▶ Data excerpt:
****************

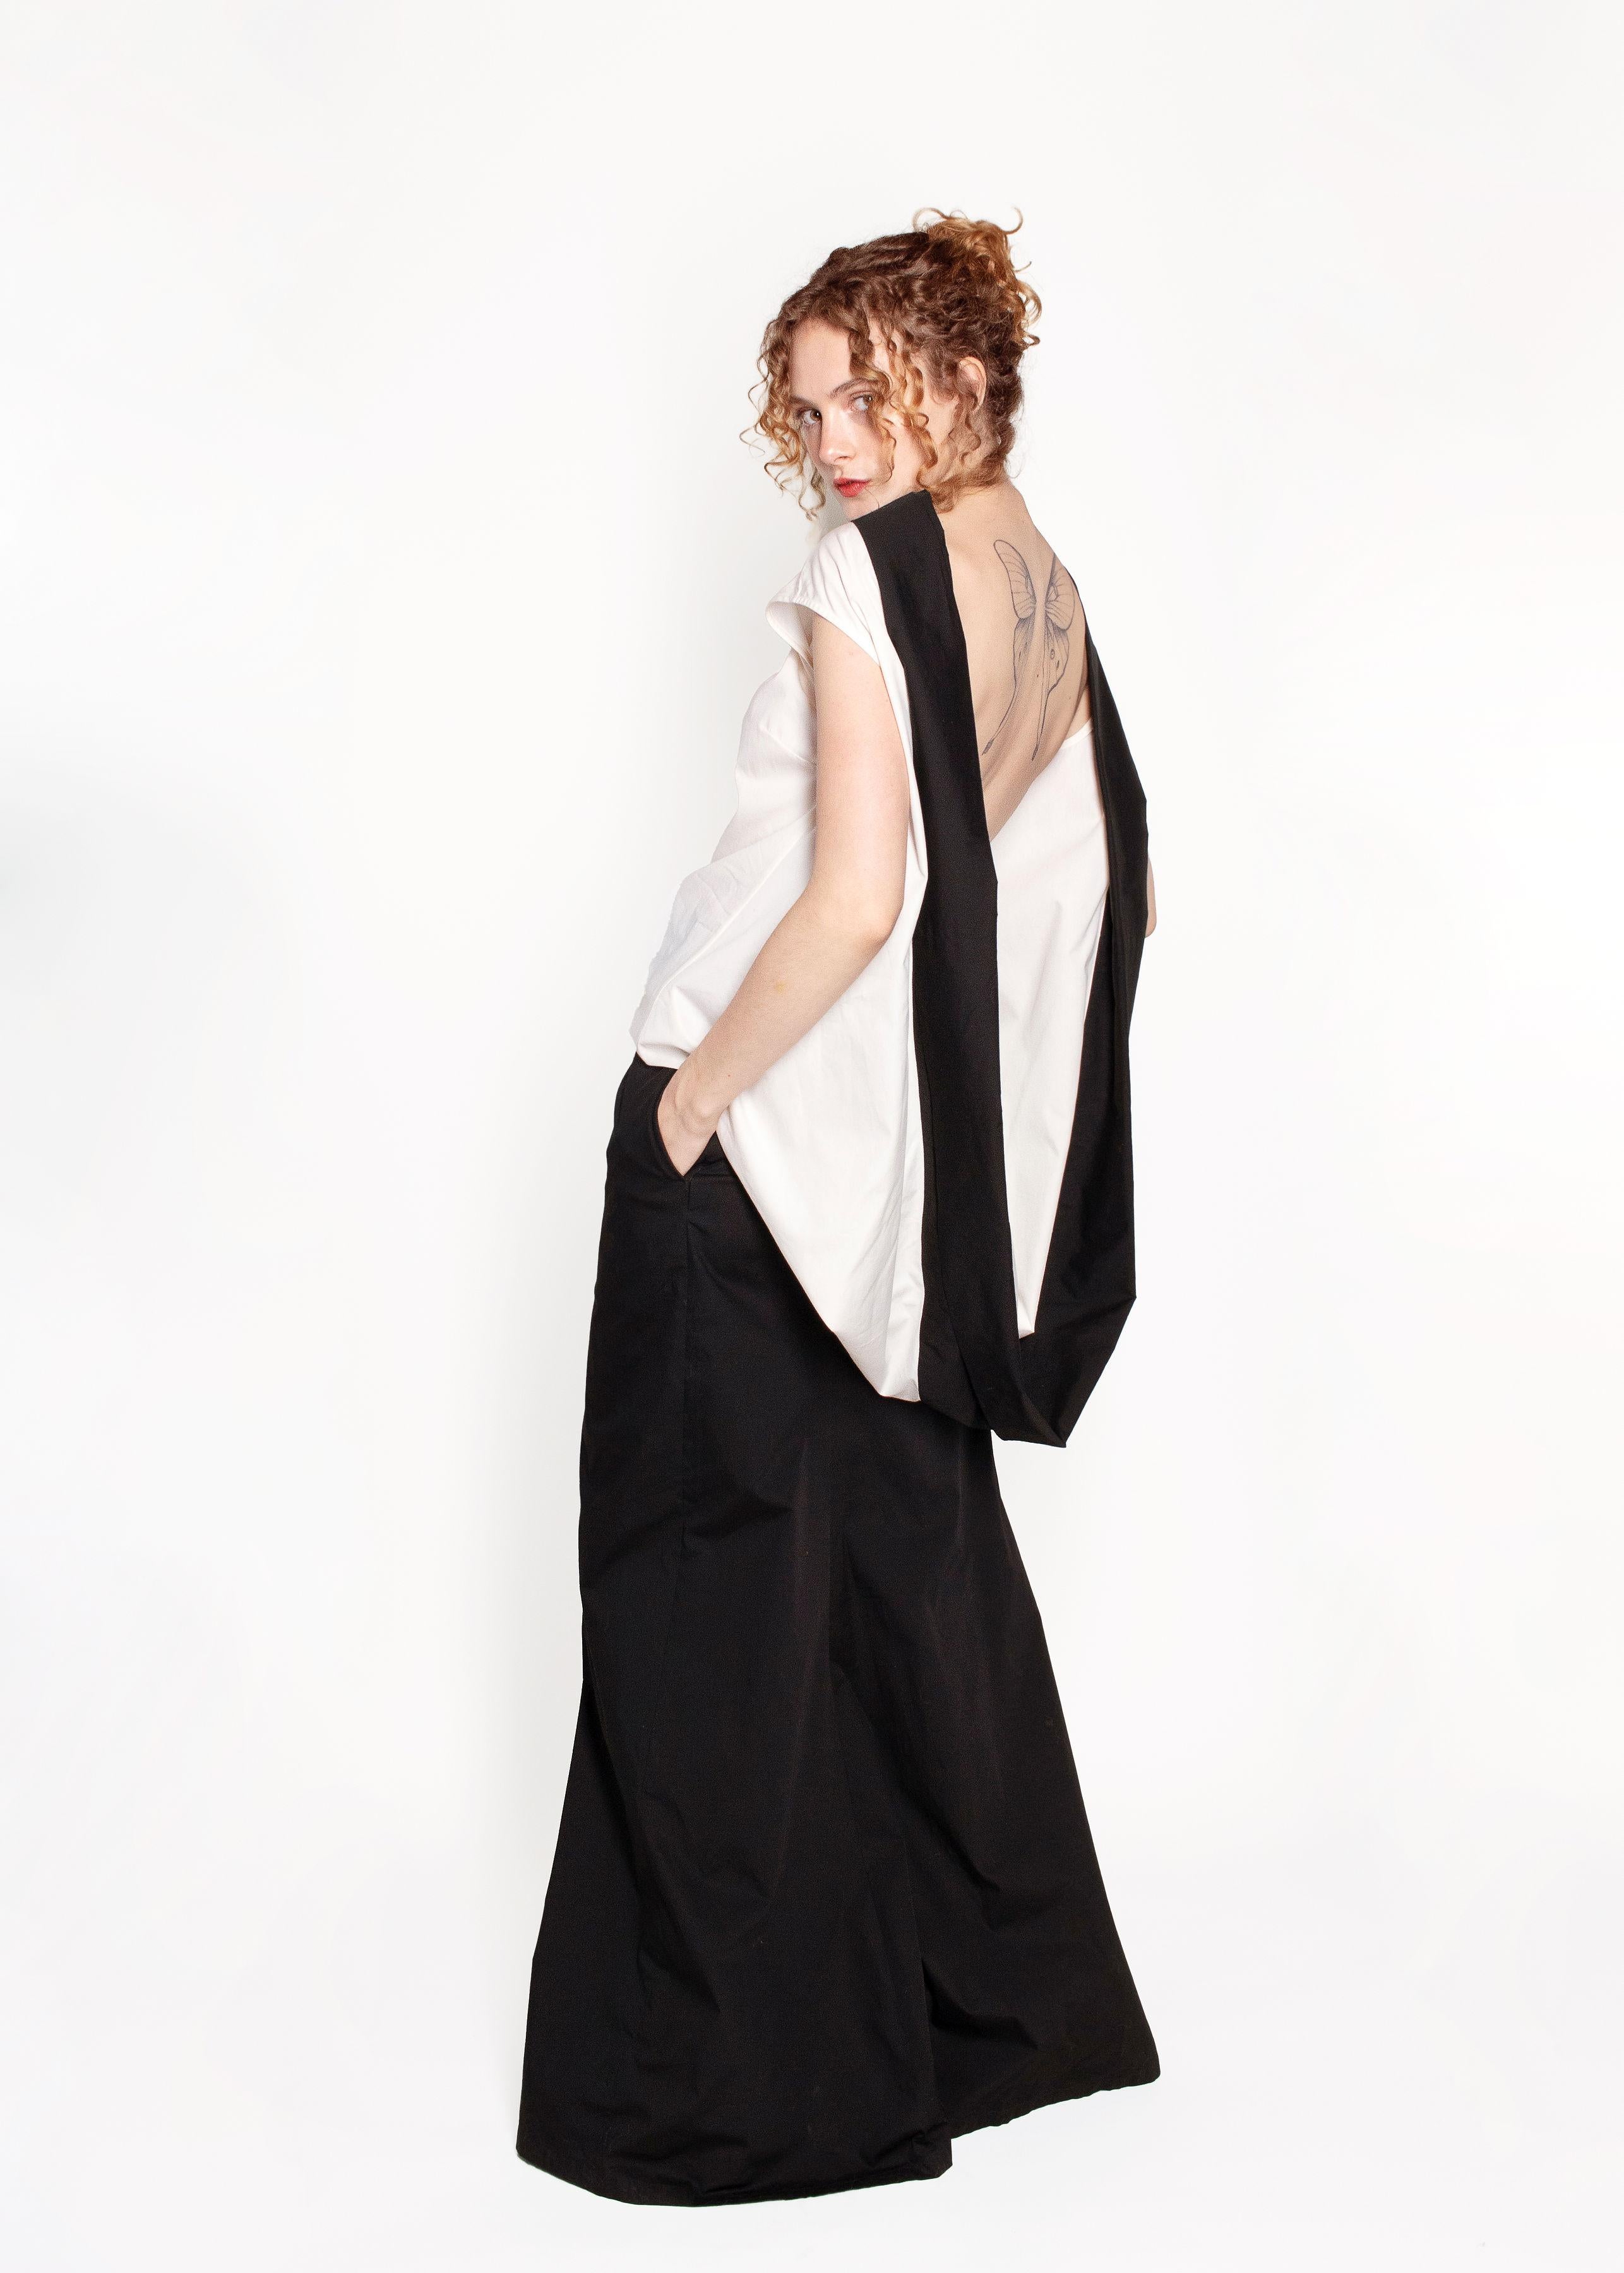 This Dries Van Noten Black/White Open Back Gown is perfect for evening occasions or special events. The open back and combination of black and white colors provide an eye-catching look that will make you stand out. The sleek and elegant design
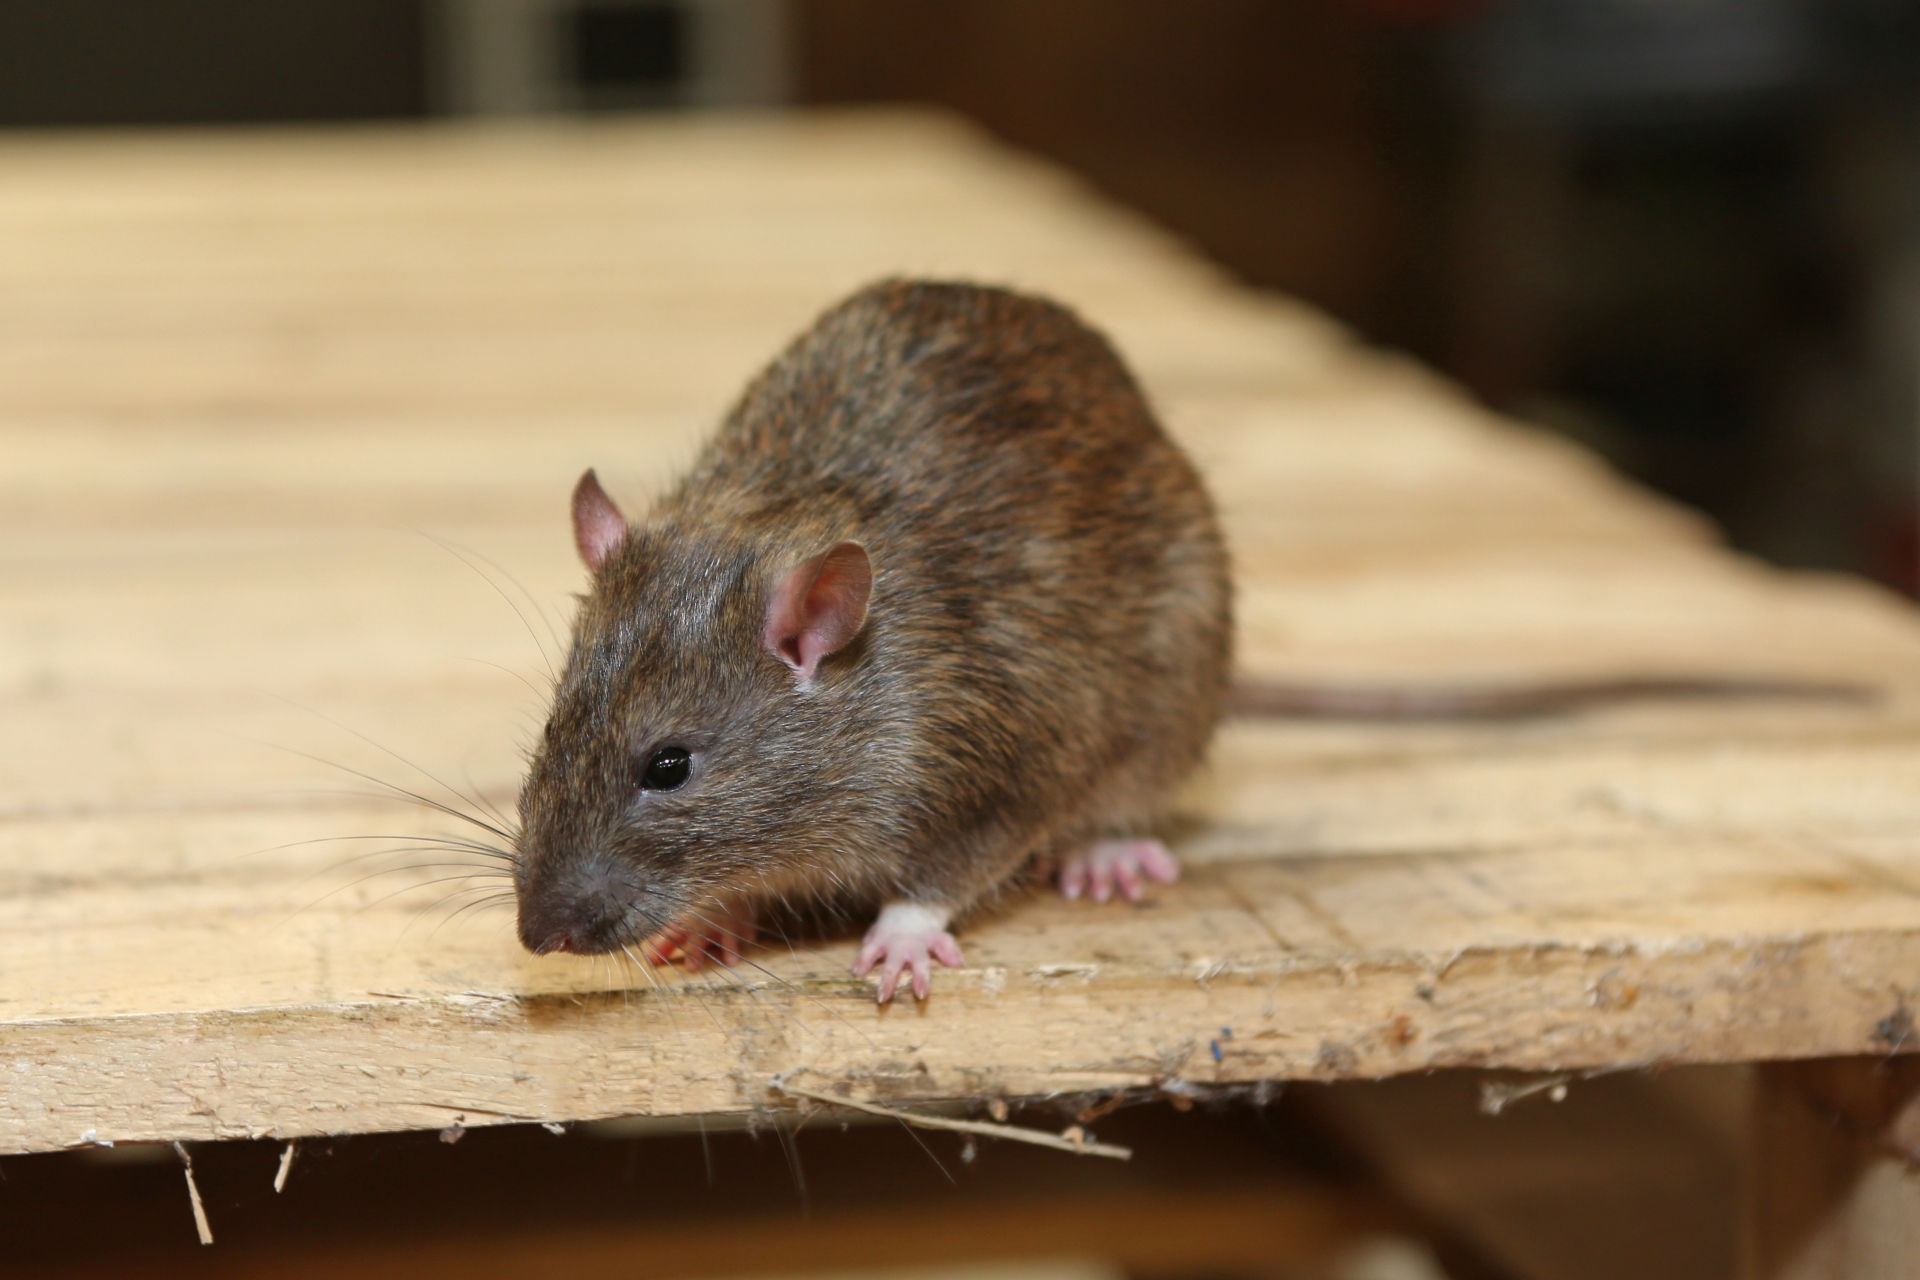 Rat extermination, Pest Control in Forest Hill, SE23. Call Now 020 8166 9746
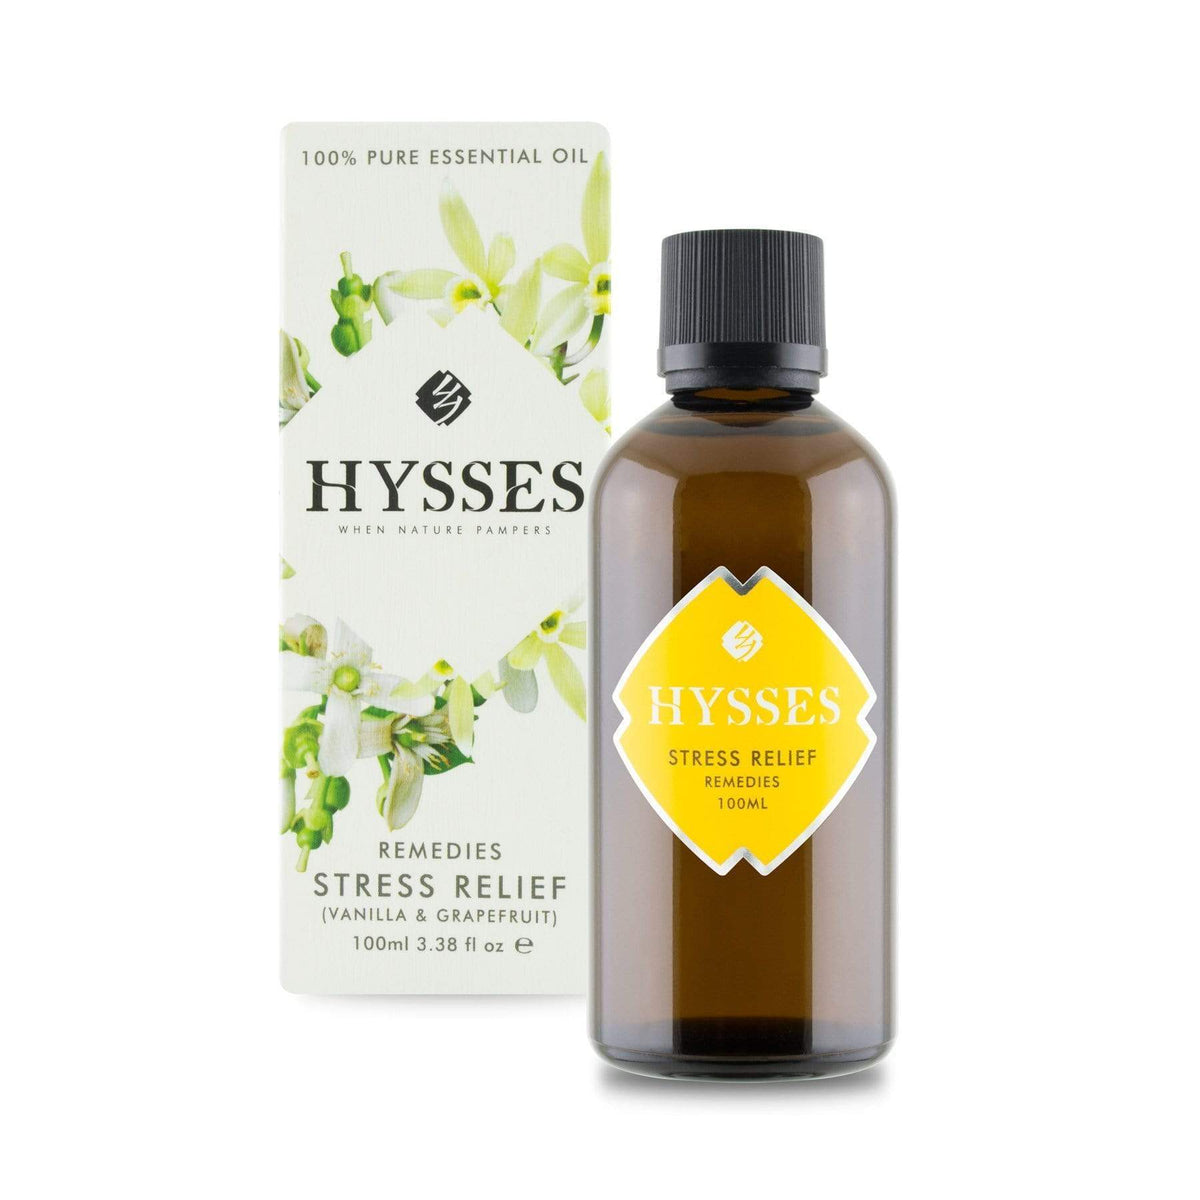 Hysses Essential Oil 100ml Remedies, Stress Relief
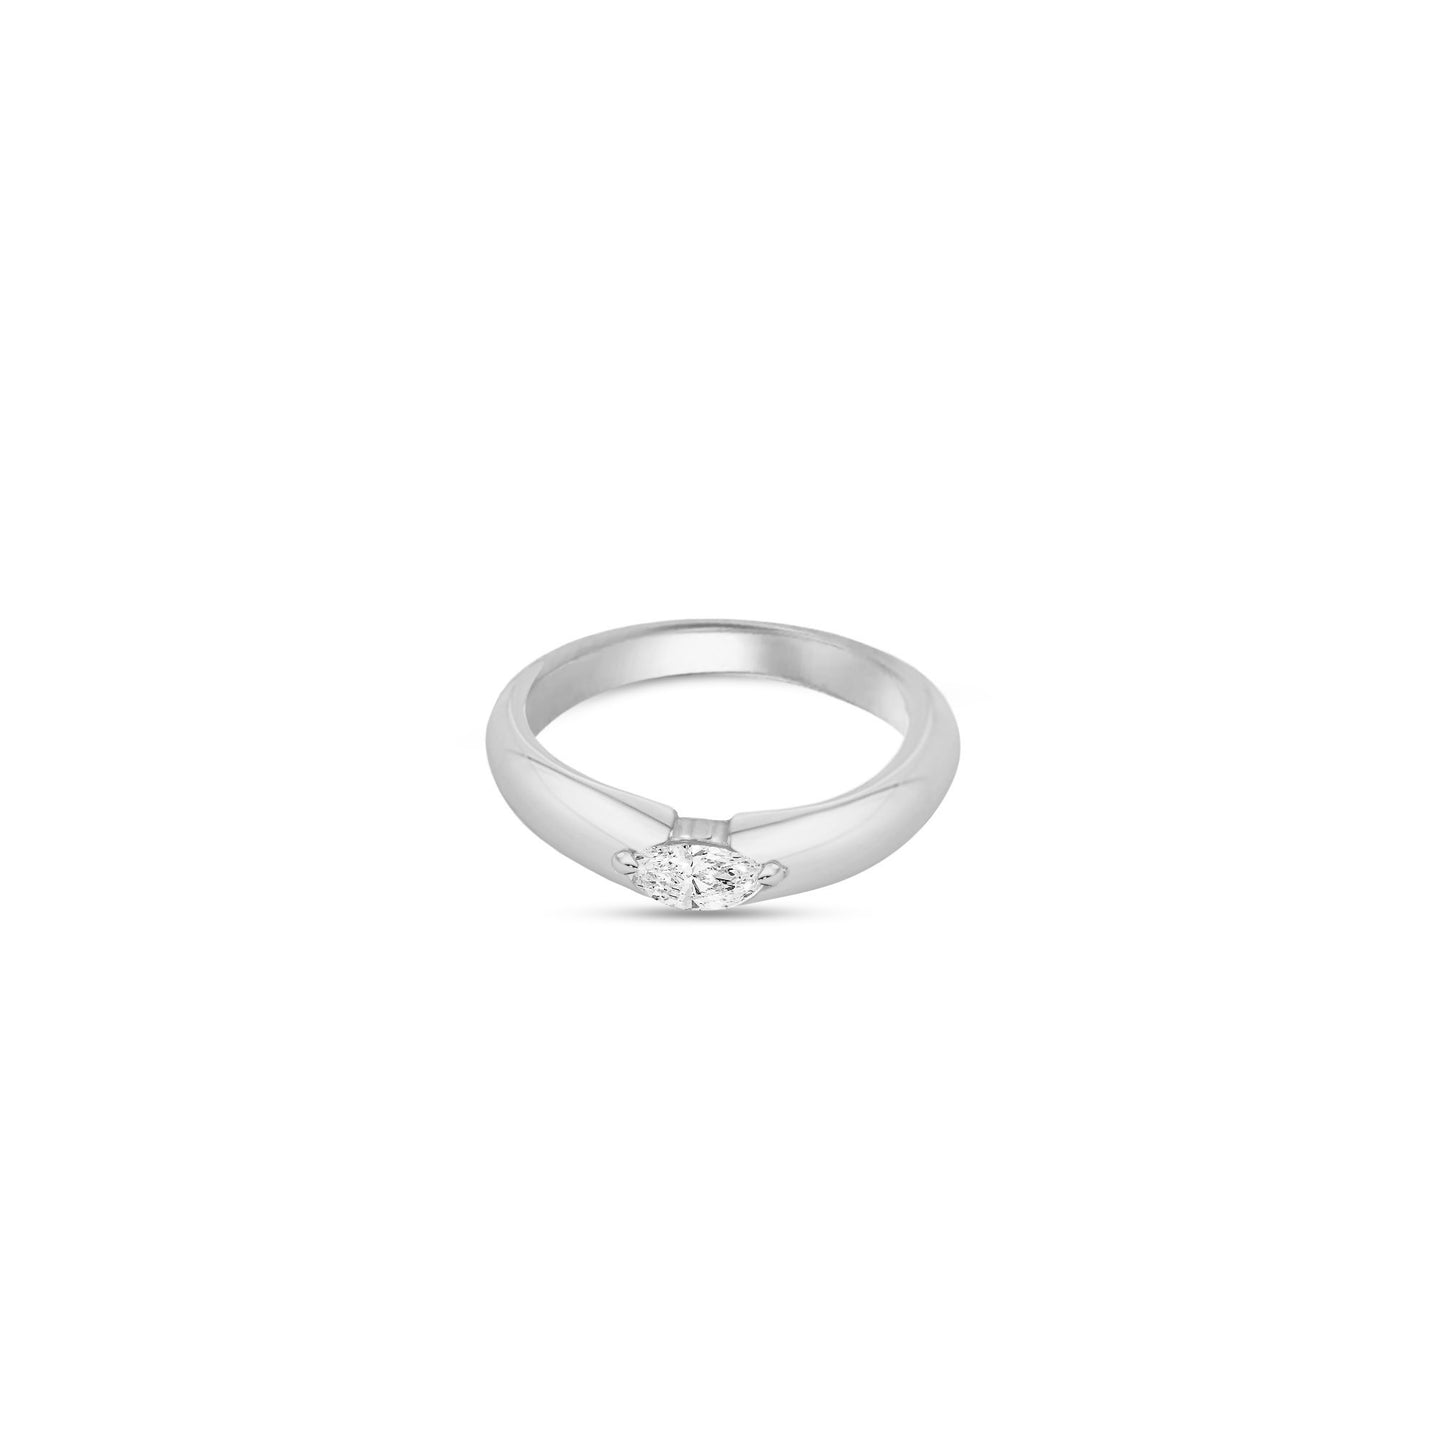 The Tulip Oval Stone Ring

****************

▶ Directions for this task: Set down the entire material verbatim, with each picture left out.

▶ Response:
 This Dries Van Noten Black/White Open Back Gown is perfect for evening occasions or special events. The open back and combination of black and white colors provide an eye-catching look that will make you stand out. The sleek and elegant design
 Rat extermination, Pest Control in Forest Hill, SE23. Call Now 020 8166 9746
 Hysses Essential Oil 100ml Remedies, Stress Relief
 The Tulip Oval Stone Ring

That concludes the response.